*** Dataset section ***

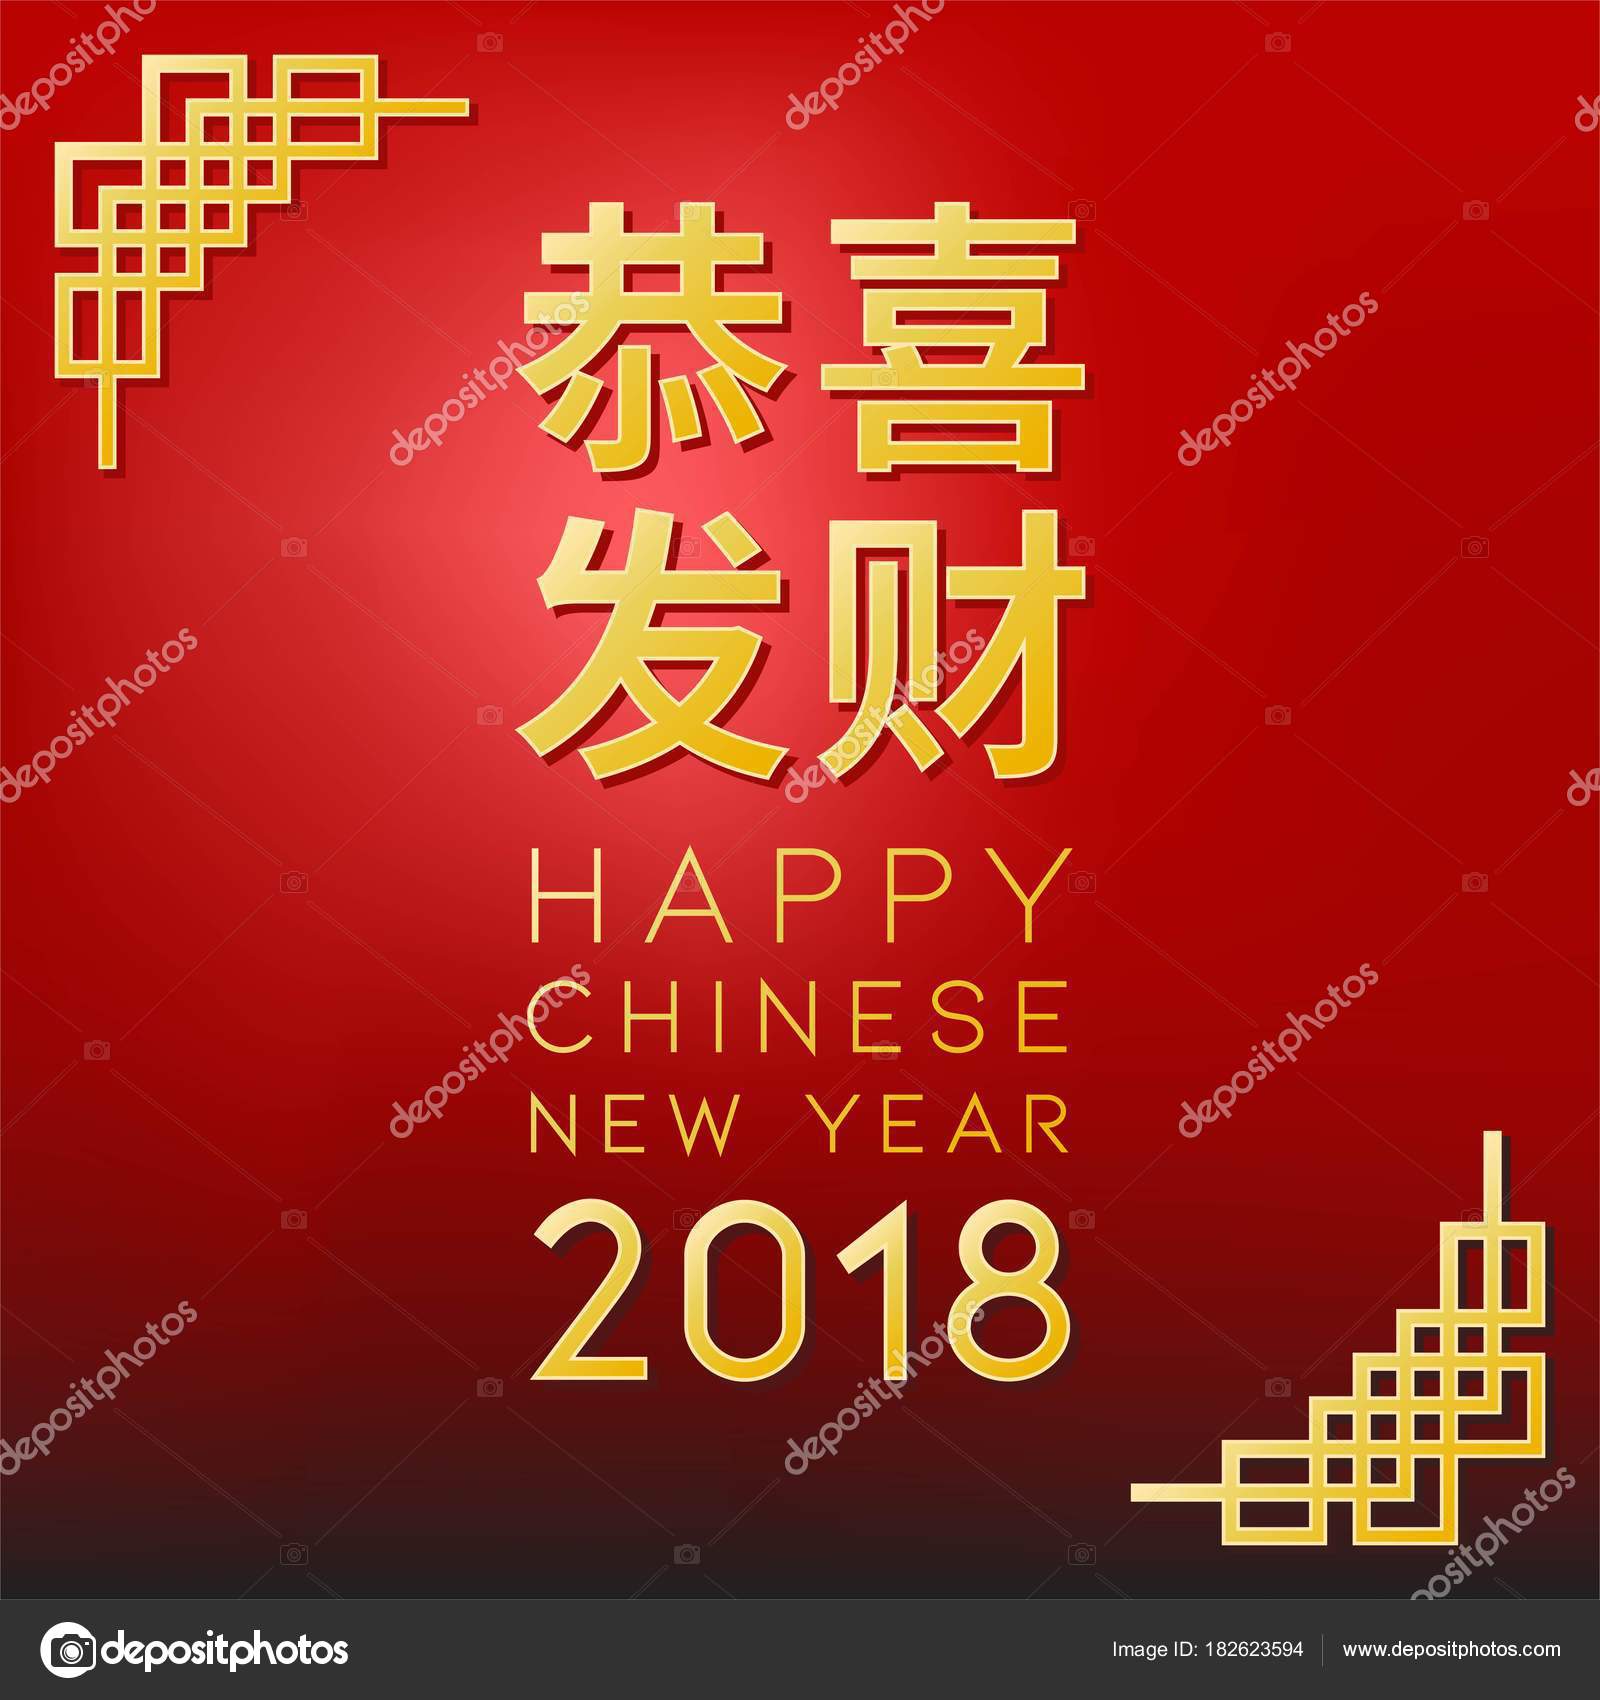 Happy Chinese New Year 2018 Poster Chinese Alphabet Gong Cai Vector Image By C Lukpedclub Gmail Com Vector Stock 182623594
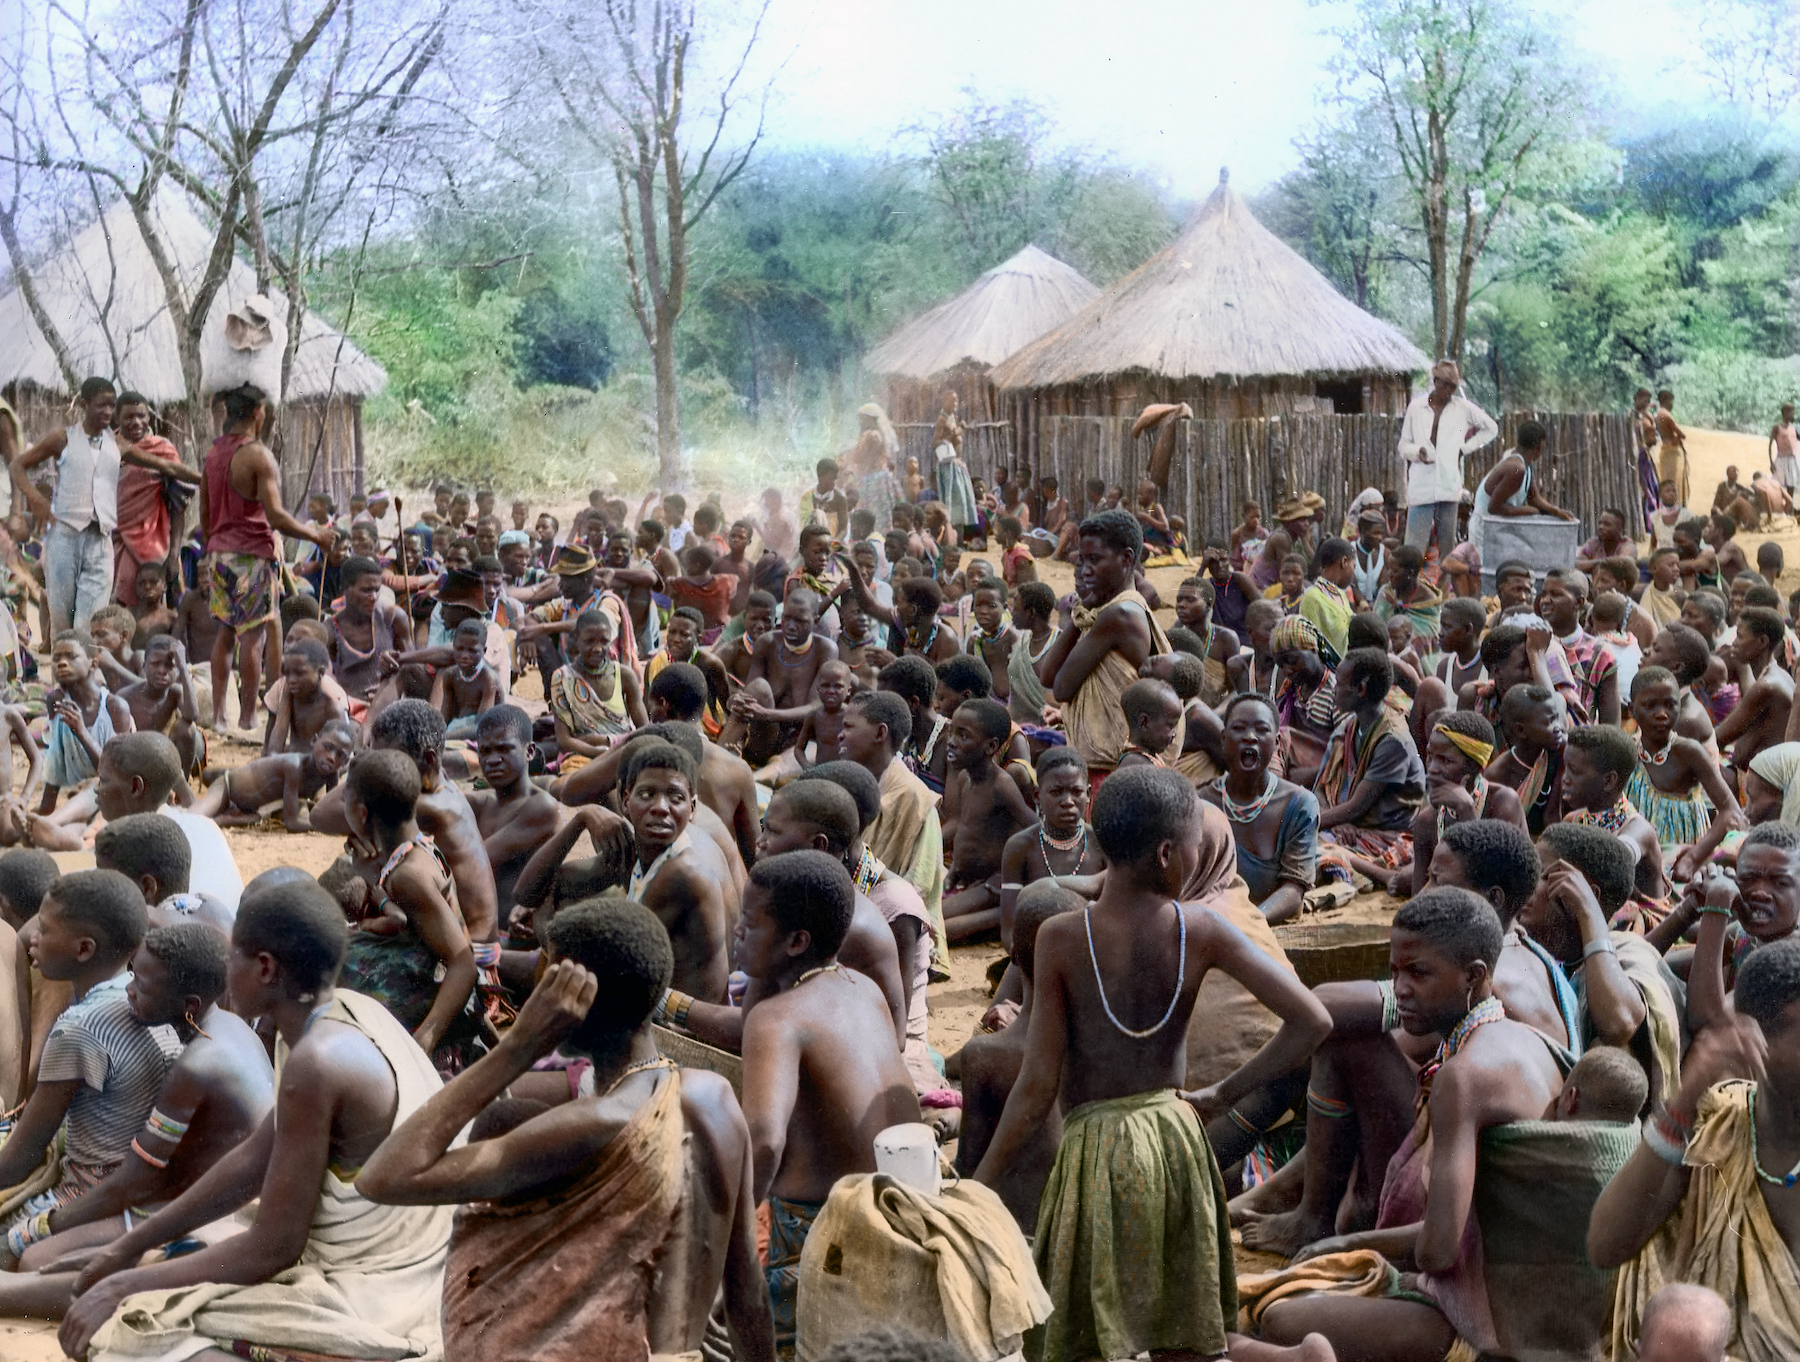 Angolan refugees wait for daily rations in Etsha settlement, Botswana, in 1969. Colourized picture
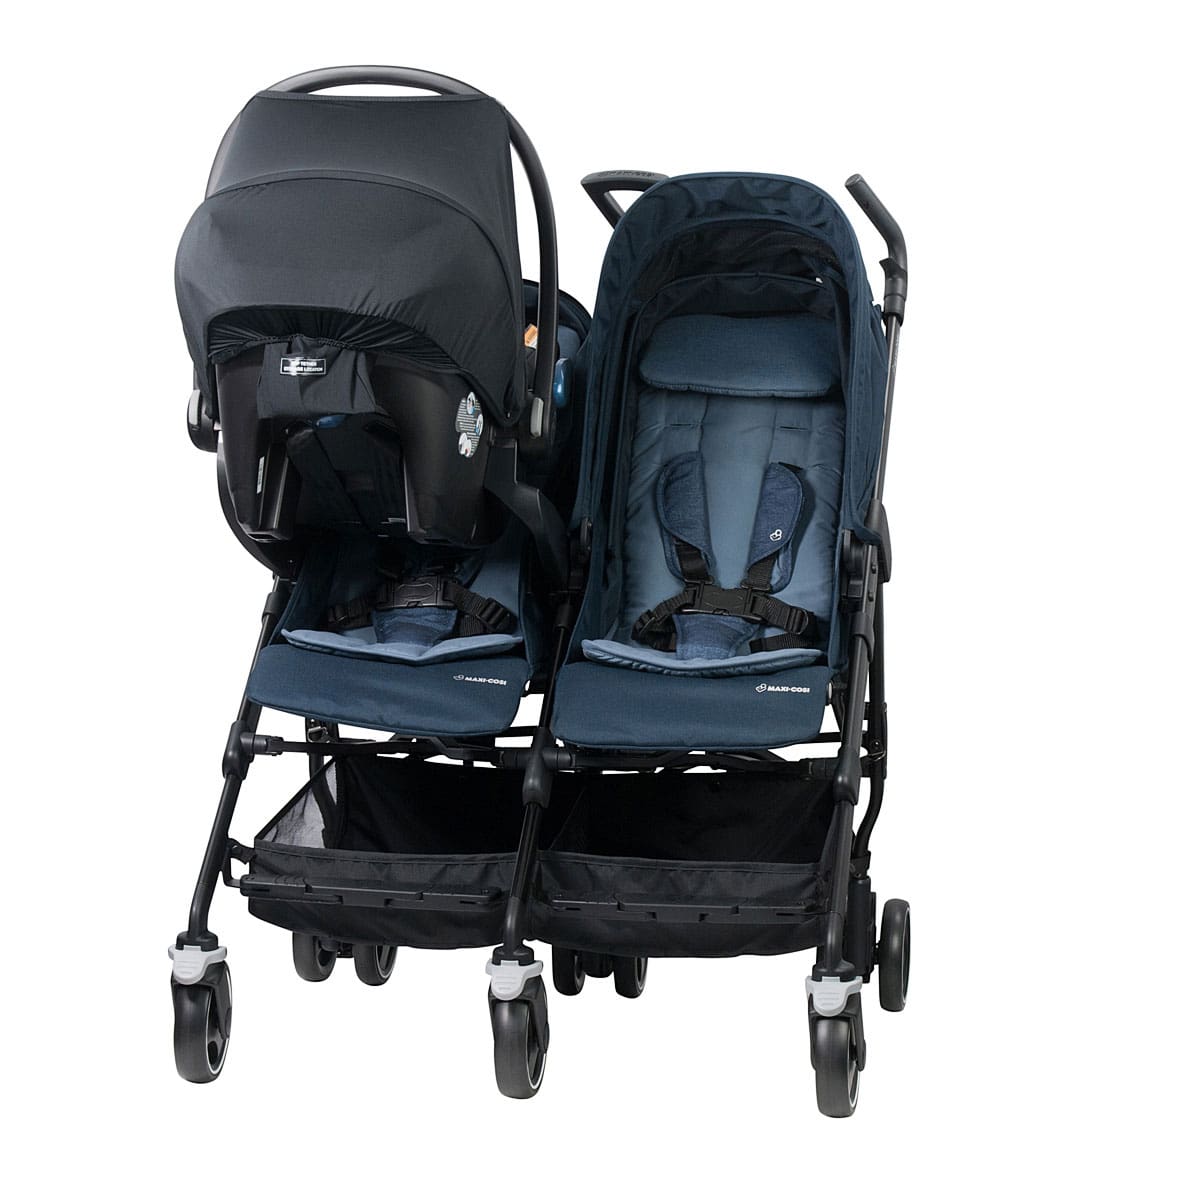 Maxi-Cosi Dana For2 Twin Stroller can be customized with baby capsules

*** End of Dataset section ***

Task directions –
With pictures left out, extract the lines from the one containing "Angolan refugees wait" to the end of the material above, both included, exactly as written.

Answer section –
 Angolan refugees wait for daily rations in Etsha settlement, Botswana, in 1969. Colourized picture
 Maxi-Cosi Dana For2 Twin Stroller can be customized with baby capsules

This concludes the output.